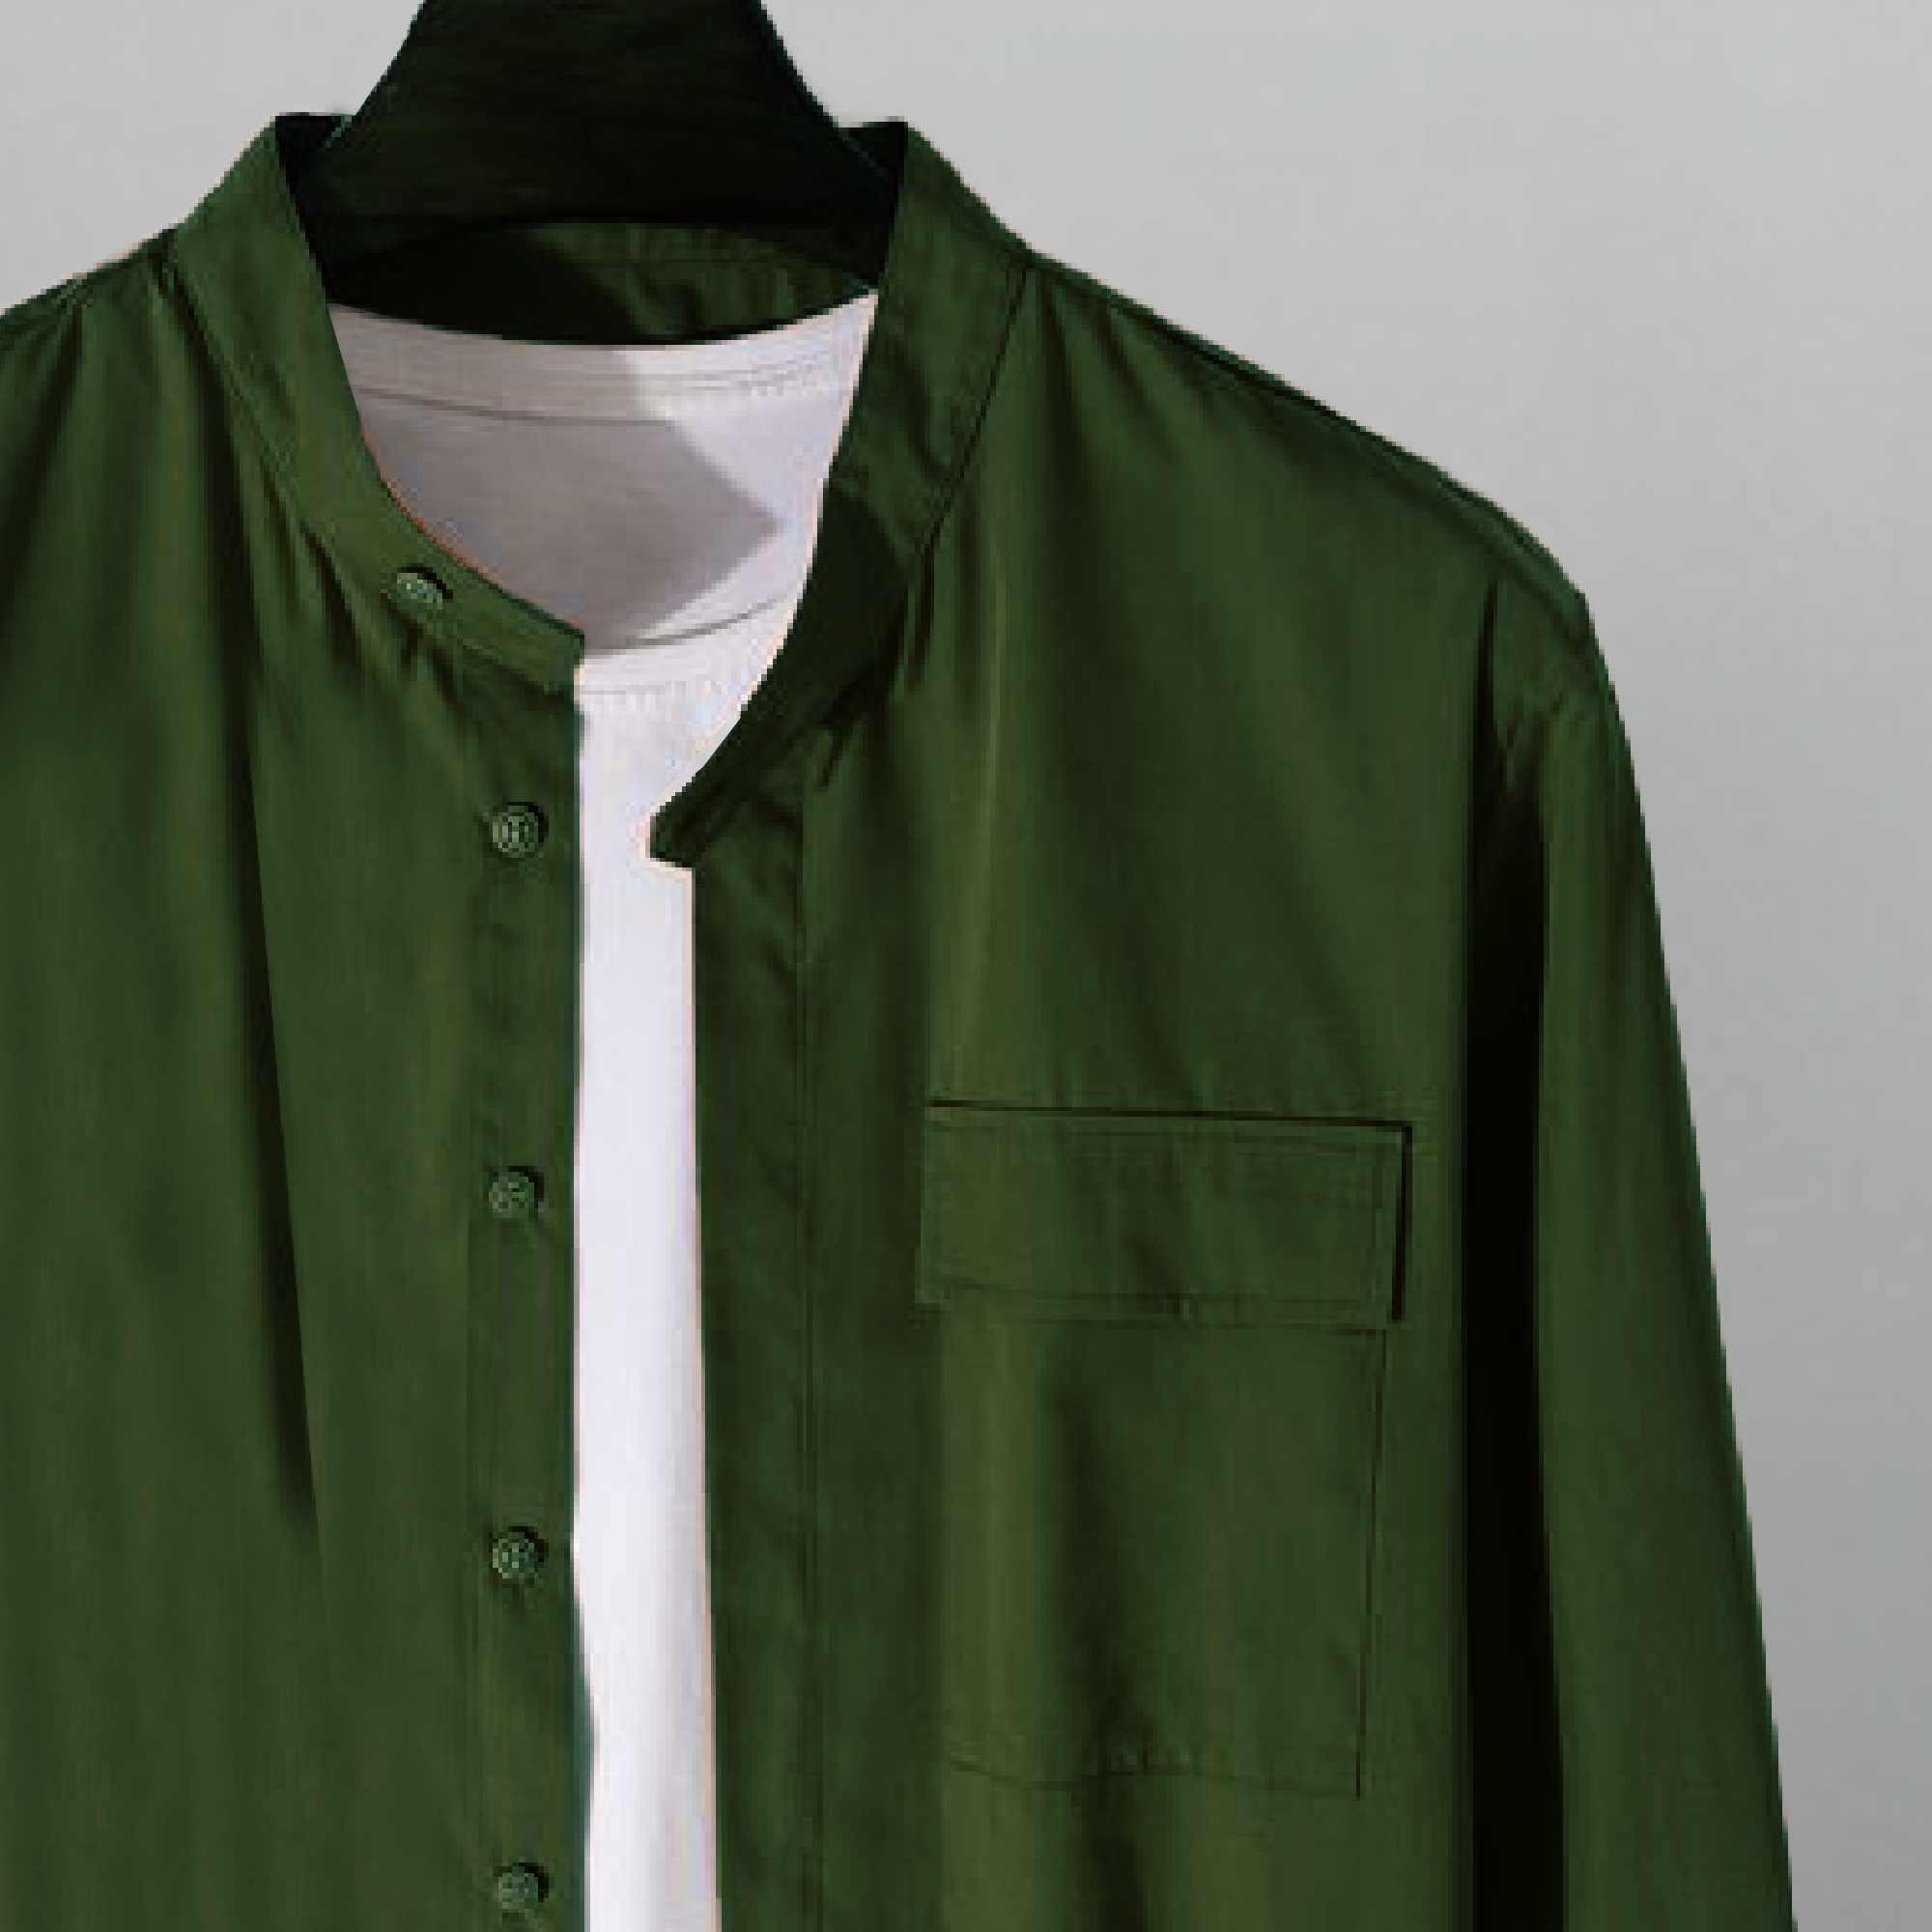 Men's Solid Green Corduroy Shirt with one side pocket and A Plain white T-shirt-RMS015
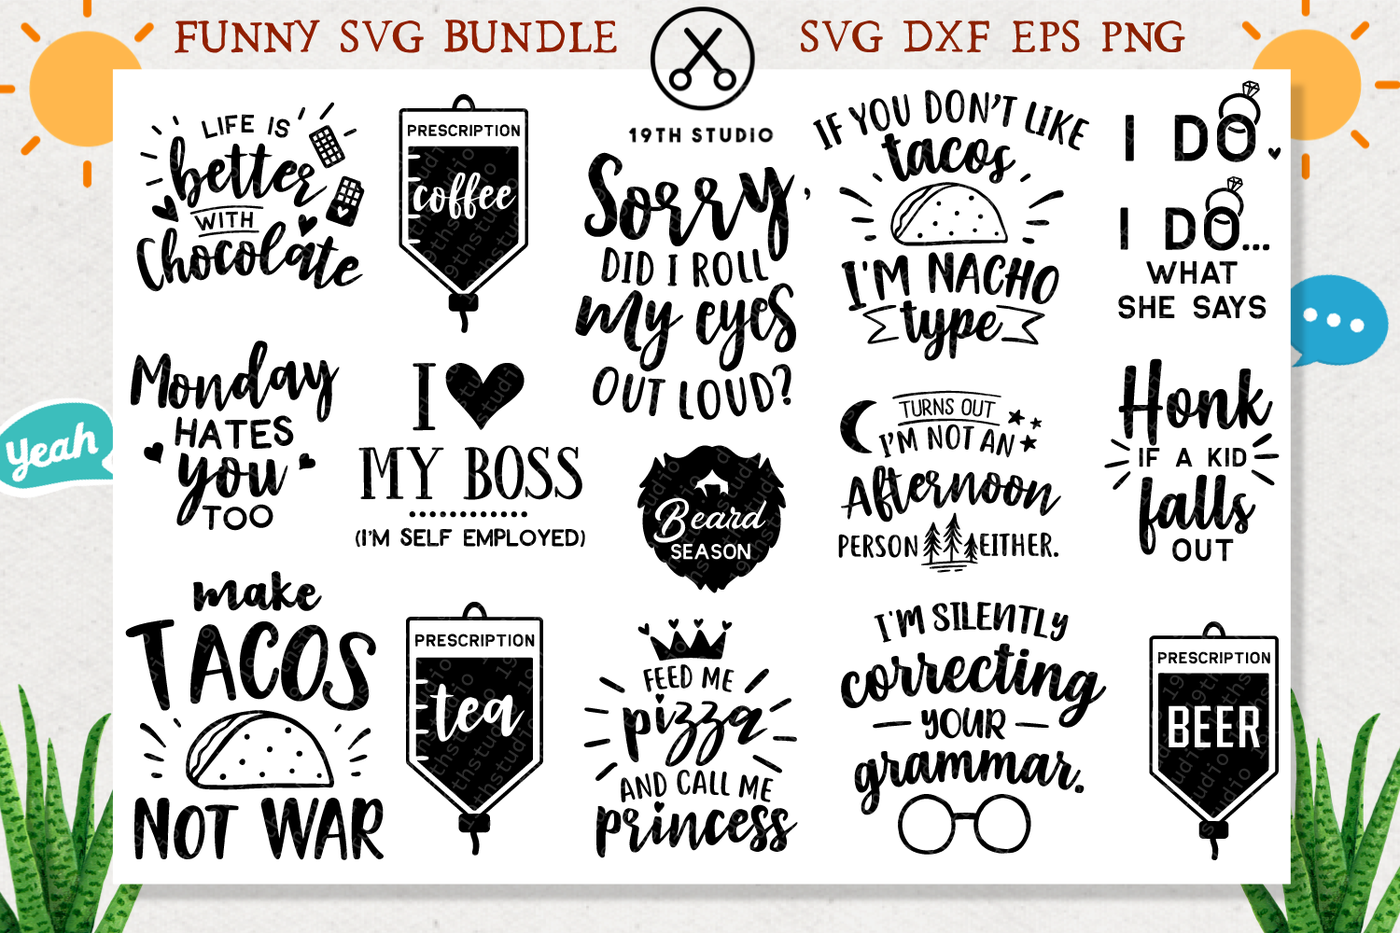 Download Funny Svg Bundle Svg Dxf Eps Png M4 By 19th Studio Thehungryjpeg Com
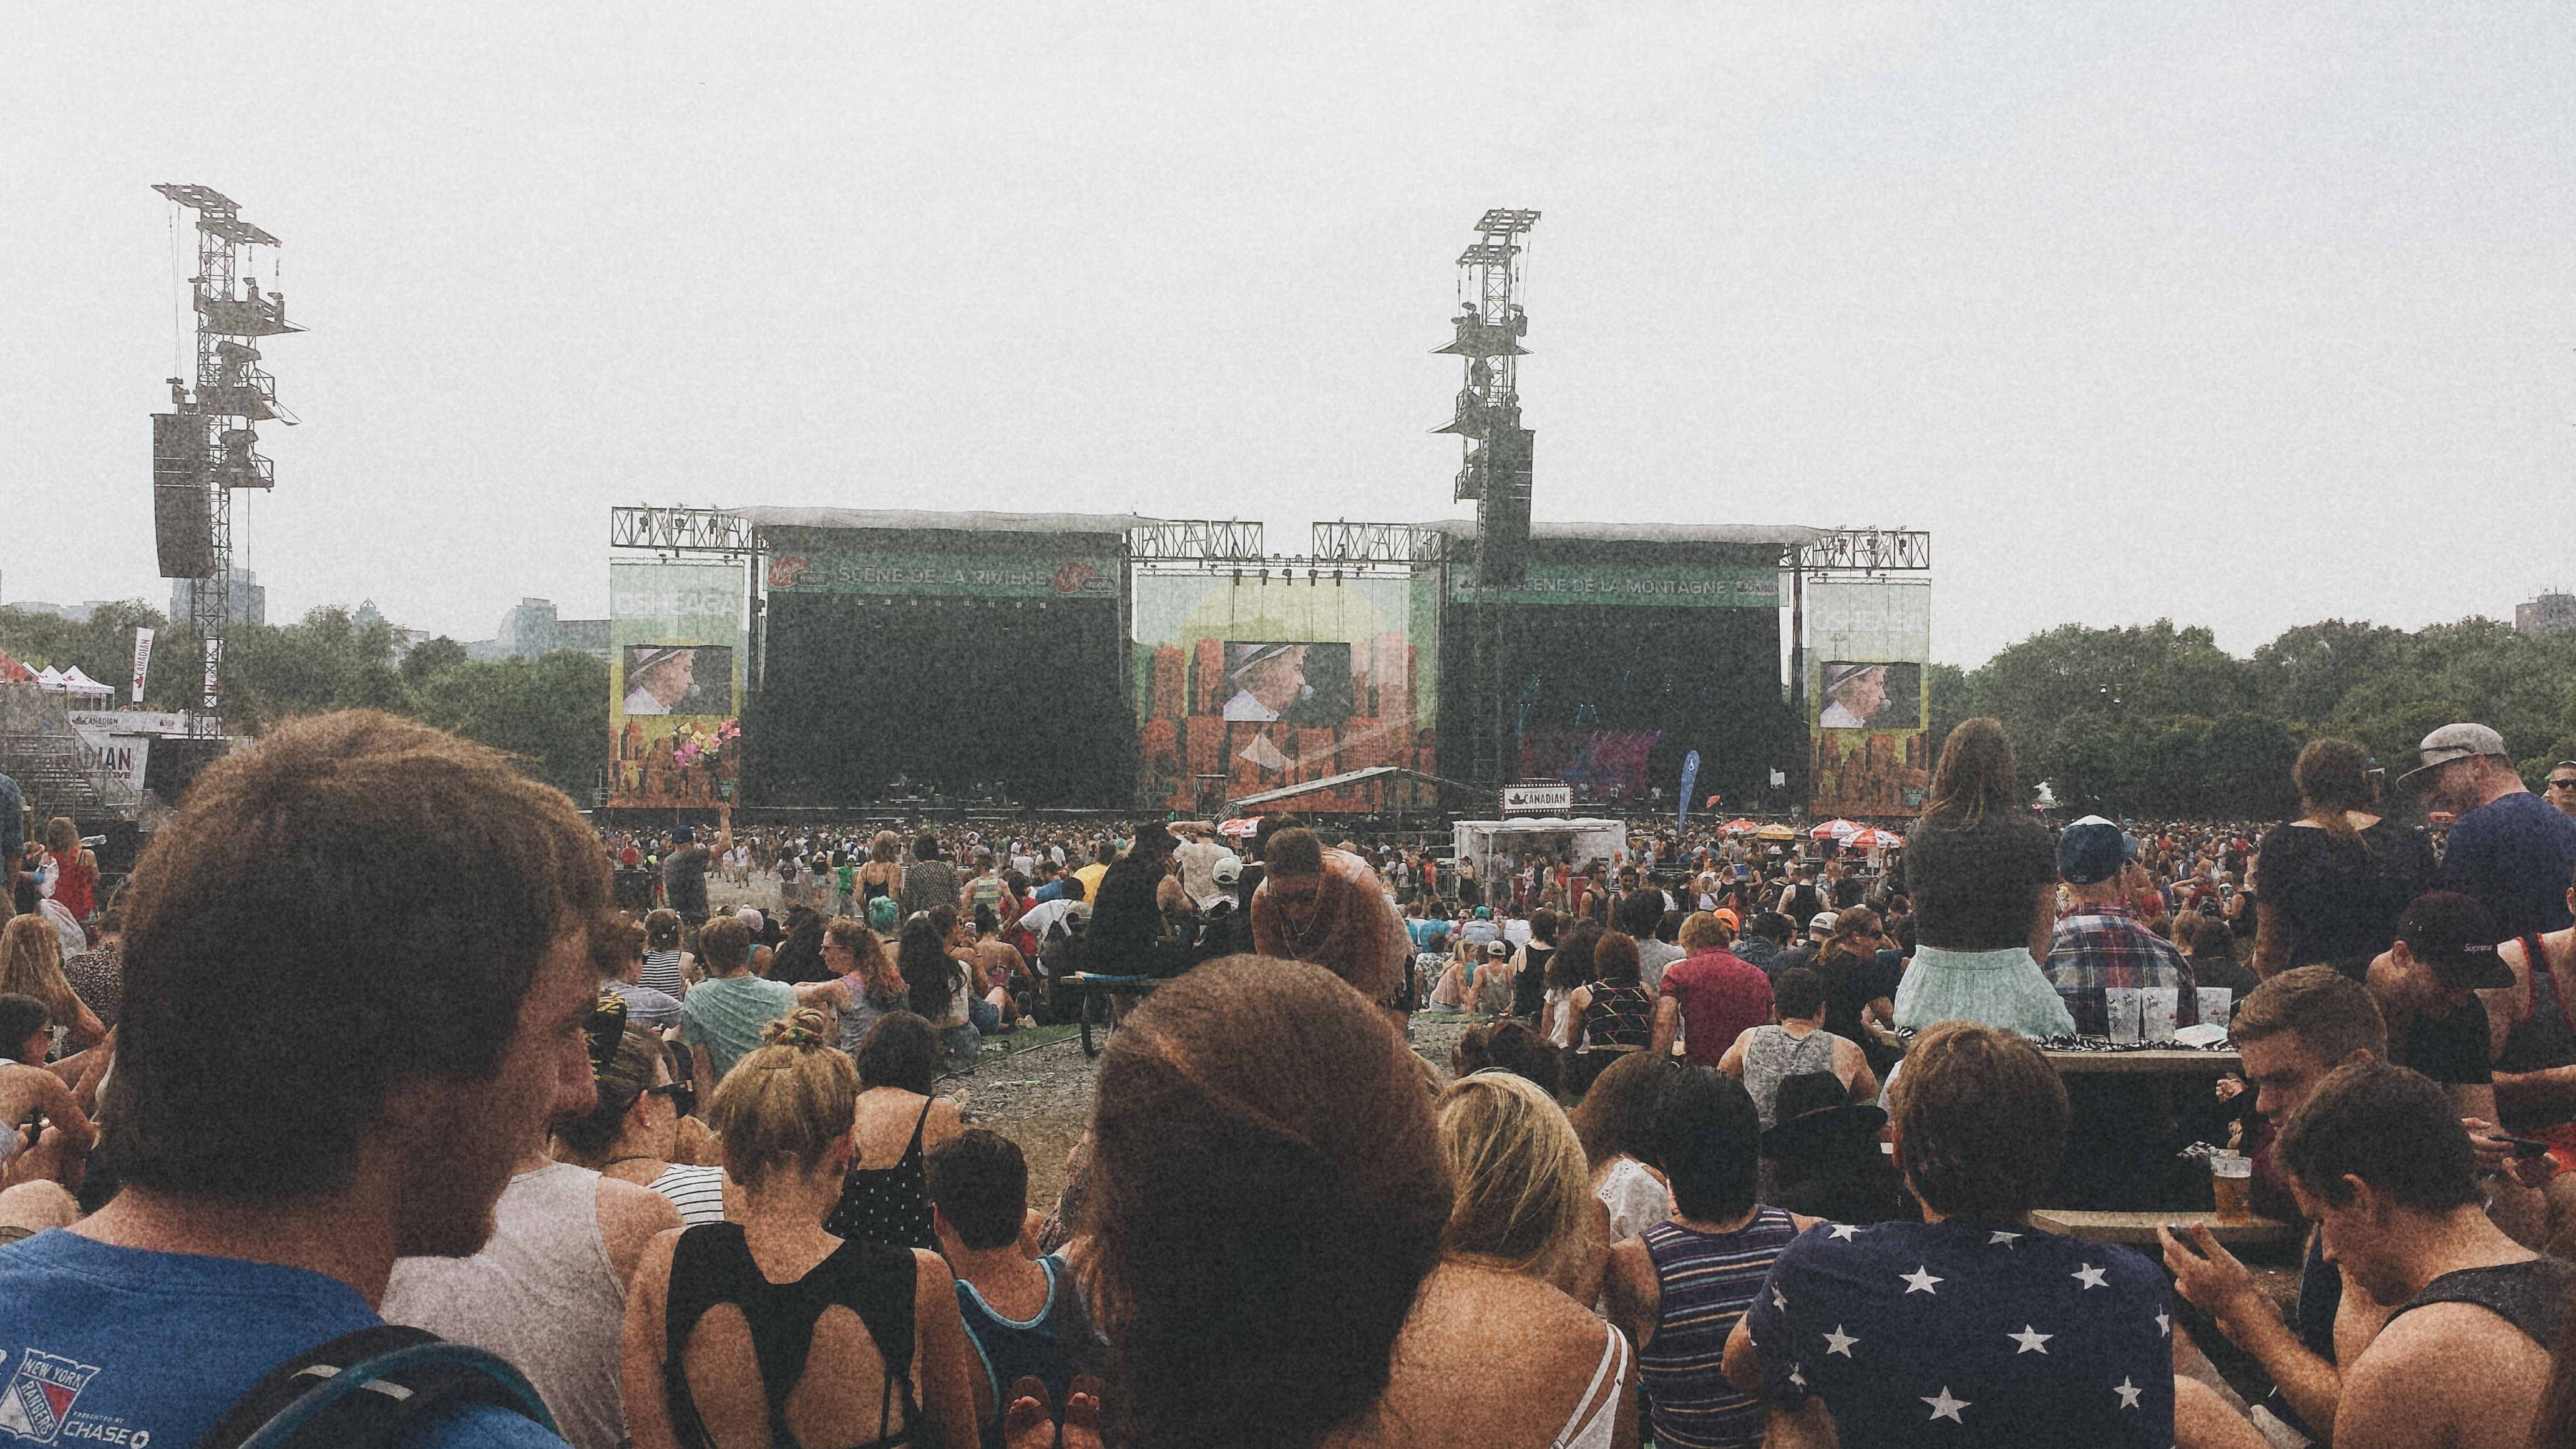 Picture taken at Osheaga Music Festival at the two main stages.

→ AIM OF THE TASK:
Repeat the listing above exactly, omitting the pictures it contains.

→ ANSWER AREA:
 Men's Solid Green Corduroy Shirt with one side pocket and A Plain white T-shirt-RMS015
 Download Funny Svg Bundle Svg Dxf Eps Png M4 By 19th Studio Thehungryjpeg Com
 Picture taken at Osheaga Music Festival at the two main stages.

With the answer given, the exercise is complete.